14/11/12

The EU freezes airline emission legislation

On 12 November, the EU Commissioner for Climate Action, Connie Hedegaard, relayed a new Commission proposal, backed by the Member States, to "stop the clock" on enforcing international aspects of aviation EU emissions trading.

The suspension of the EU trading emission scheme will operate only on flights from and to the European Union. Intra-European flights will have to comply with current legislation.

The scheme already applies to several industry sectors considered as heavy polluters. Aviation was included in the system through a slow phasing in and it came into full effect in 2012, with the first amounts being due in April 2013. Even though the principle is to tackle pollution, and all actors agree on the necessity to reduce pollution, the scheme has been heavily criticized as it does not provide that the funds raised by this "tax" will be reinvested in environmental projects or in improving infrastructures, such as European airports. Moreover, a purely European scheme has demonstrated that it favors "carbon leakage", meaning that it simply moves pollution towards countries that have not adopted such a legislation.
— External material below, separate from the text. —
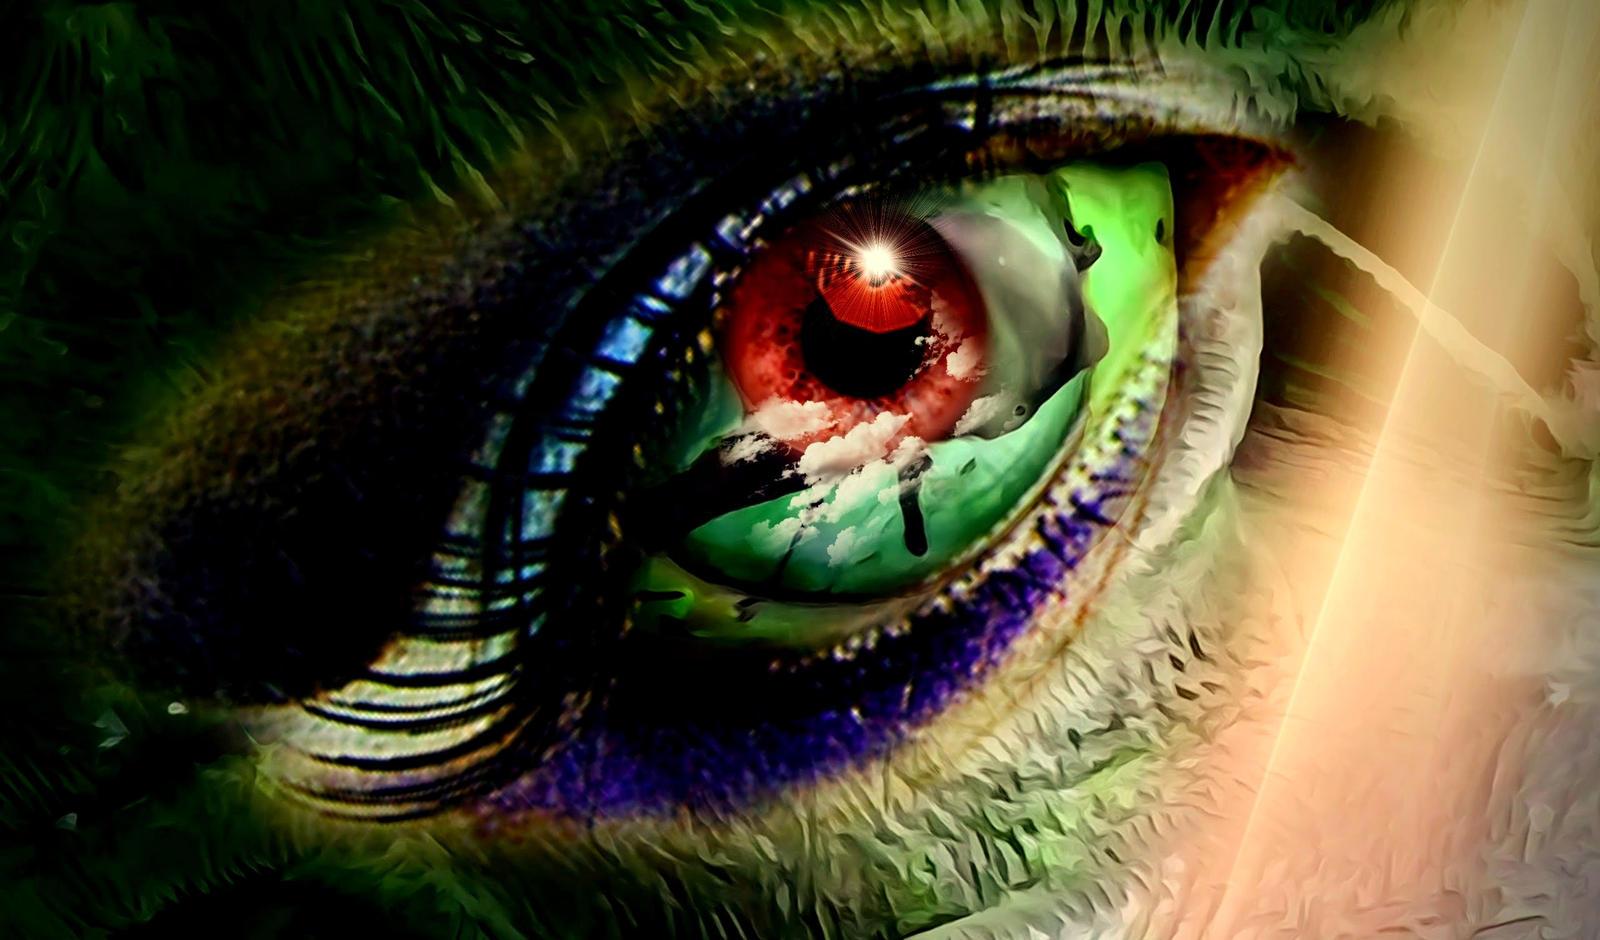 mystic eye by Mittelfranke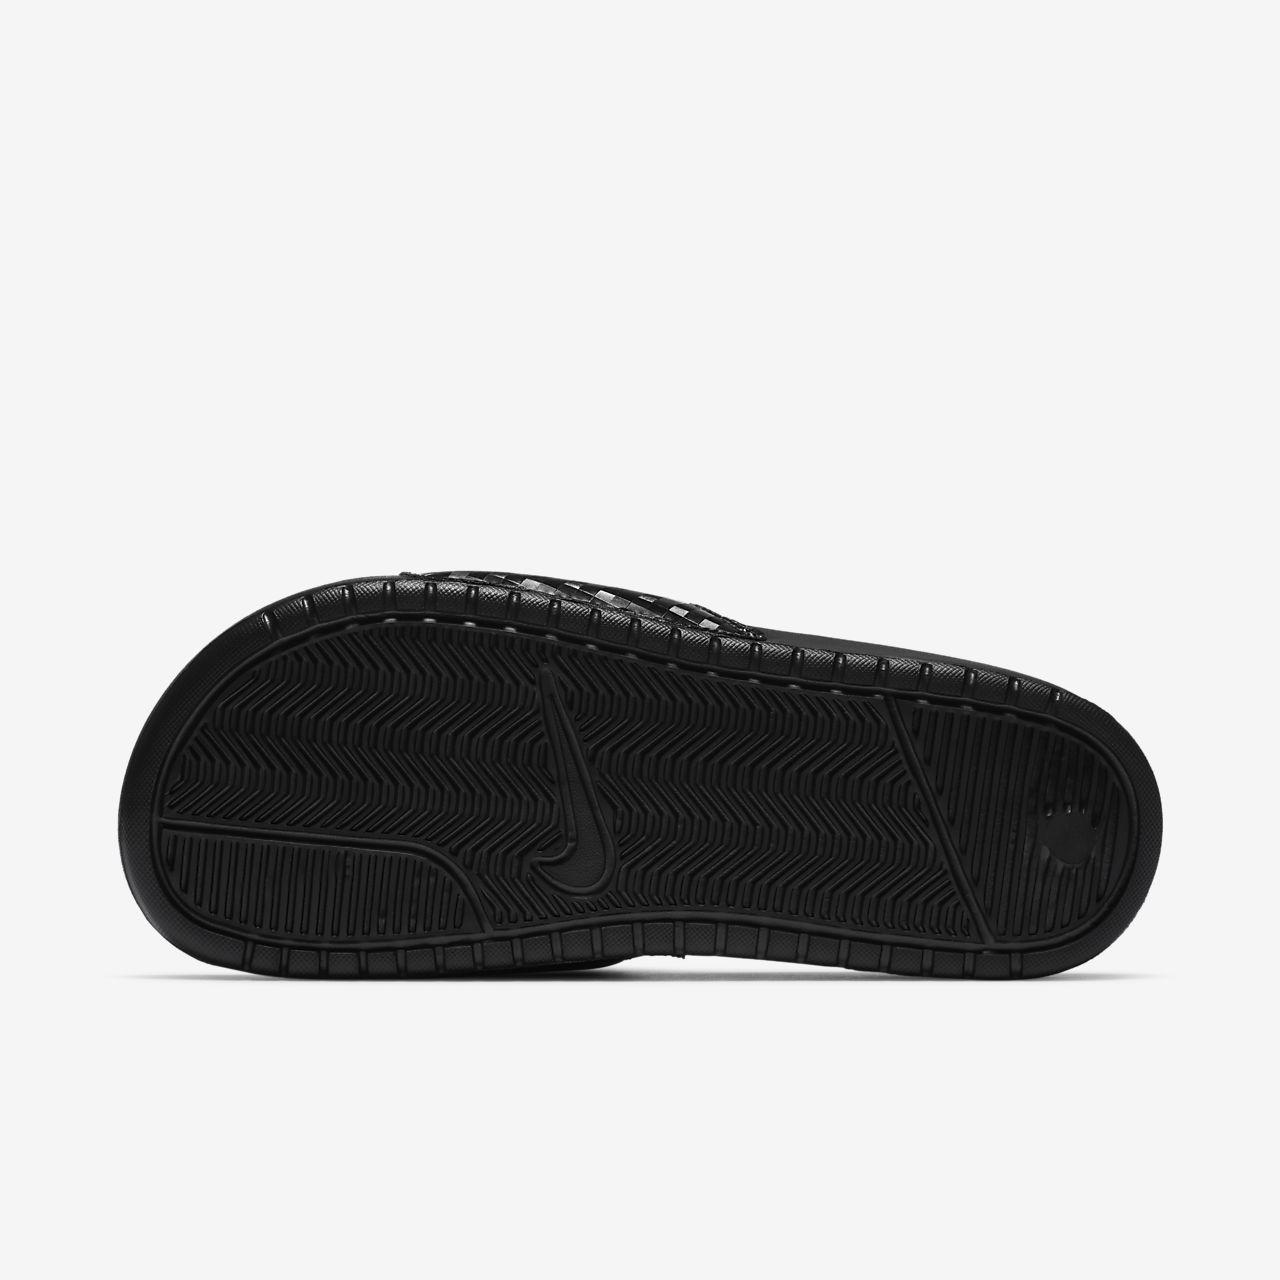 huge discount e6115 26546 Low Resolution Nike Benassi Women s Slide Nike Benassi Women s Slide

From a purely legal angle, the scheme has raised international concern and strong opposition from non-European countries that view the EU intervention as an extra-territorial legislation. Indeed, flights of third country airlines departing from, or landing in, a European airport are submitted to the scheme for the entire length of the flight, i.e. including part of the flight that does not take place in the EU's airspace.

A global approach to climate change has been advocated from all parties. It has been indeed long argued that a comprehensive market based mechanism (MBM) adopted worldwide would be much more meaningful against climate change.

The EU Commissioner indicates indeed that the suspension comes as a consequence of the advancement of the works carried out by the International Civil Aviation Organization (ICAO) in order to create an international and global regulation on emissions from aviation. The suspension operates indeed until after the ICAO General Assembly next autumn which is expected to take a decision on the creation of a global emission trading scheme.

The decision of the EU also allows, at least for the next year, to avoid a "trade war" between the EU and some of its major business partners such as the United States, Russia, China and India which have passed, or are in the process of passing, laws forbidding their airlines to comply with the EU trading emission scheme. In addition to that, and as a retaliation against this system China also suspended several orders previously placed with Airbus for the supply of new aircraft.

If the announcement has generally been welcomed as a sign of good will by the European Union towards its international partners, the European airlines, which are facing one of the most long lasting economic crisis ever faced by the sector, are now at a competitive disadvantage against their international competitors.